通过查看网页的源码,它是用文件的类型(应该都是pdf)和id来生成下载地址的。它是用的post,我用的get,我还不是很清楚这之间的区别,也准备学习下jQuery的内容。
我原本希望能只下载感兴趣的文章。网页上每篇文章对应有一个勾选框,勾选后对应的文章就会高亮,说实话我不知道网站用这个来干什么。。也许我可以勾选感兴趣的文章后再下载。
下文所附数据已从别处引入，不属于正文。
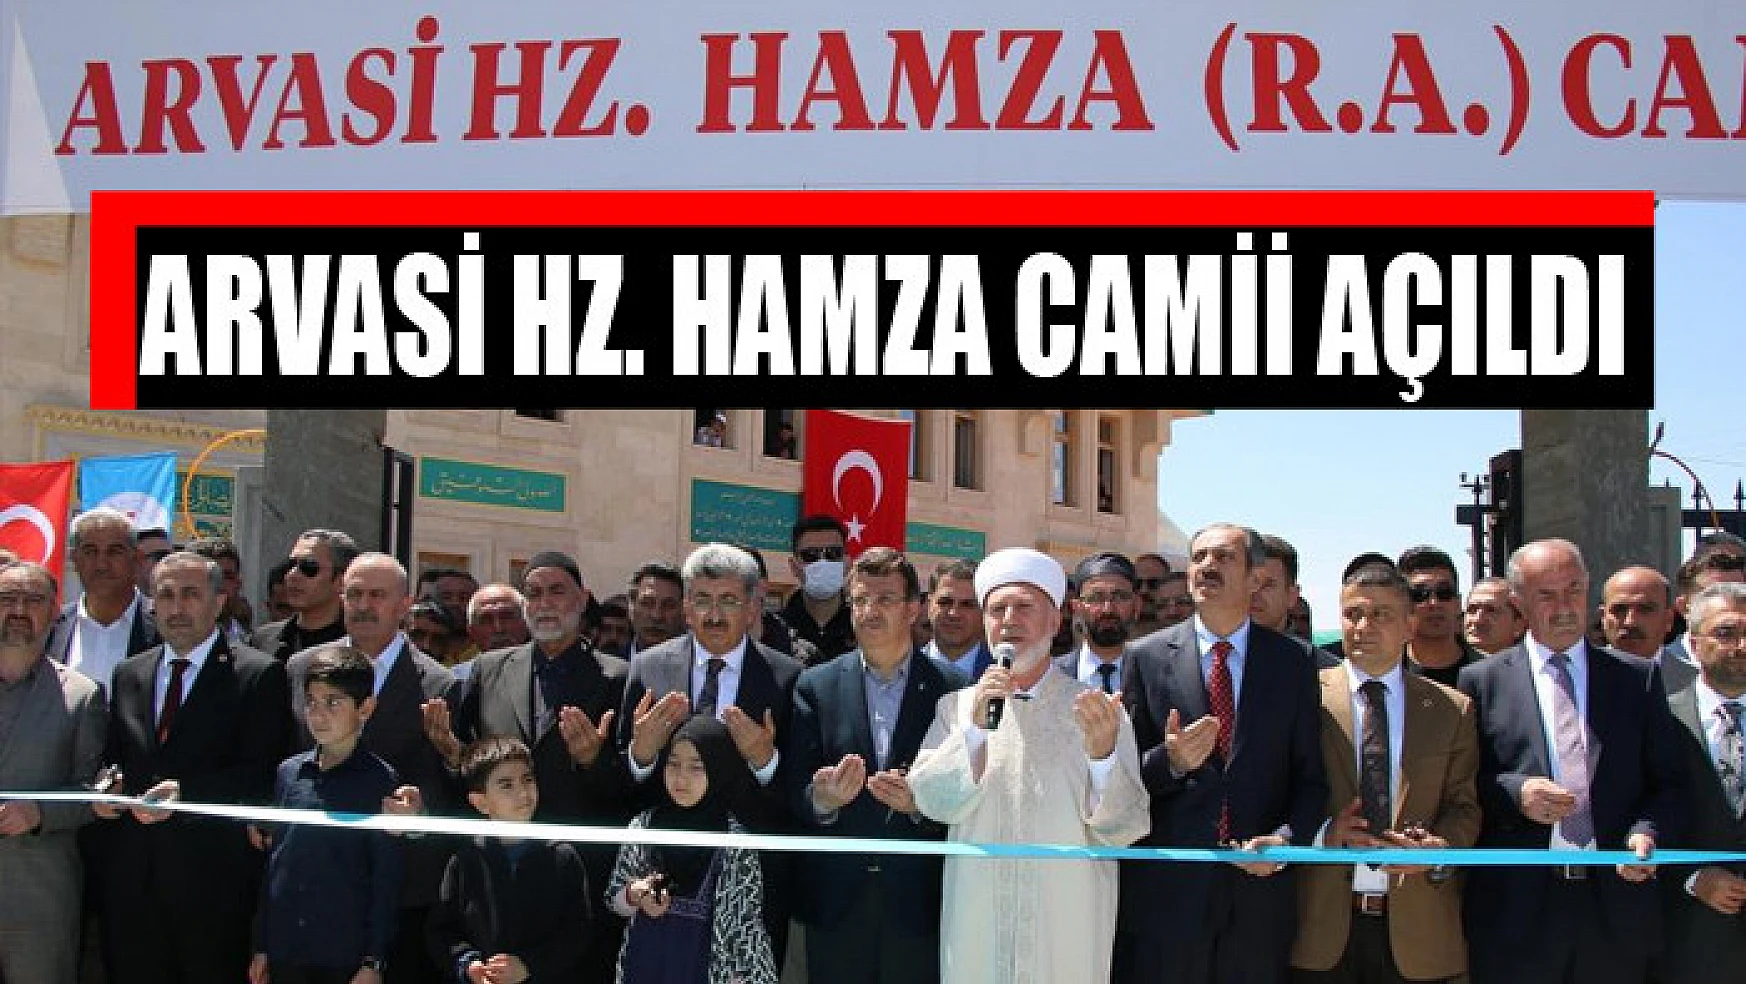 Arvasi Hz. Hamza Camii açıldı

勾选后这个元素的class会从noselectrow变为selectedrow. 相关的代码如下:
function hightlightrowaction(rowid) { var thisrow = $("#"+rowid); if ($(thisrow).hasClass("selectedrow")) { $(thisrow).removeClass("selectedrow"); $(thisrow).addClass("noselectrow"); } else { $(thisrow).addClass("selectedrow"); $(thisrow).removeClass("noselectrow"); } }
但有时勾选后class没变,似乎有点问题,还没搞清楚。
Python脚本如下,用到了BeautifulSoup和requests。正则表达式写得很渣。。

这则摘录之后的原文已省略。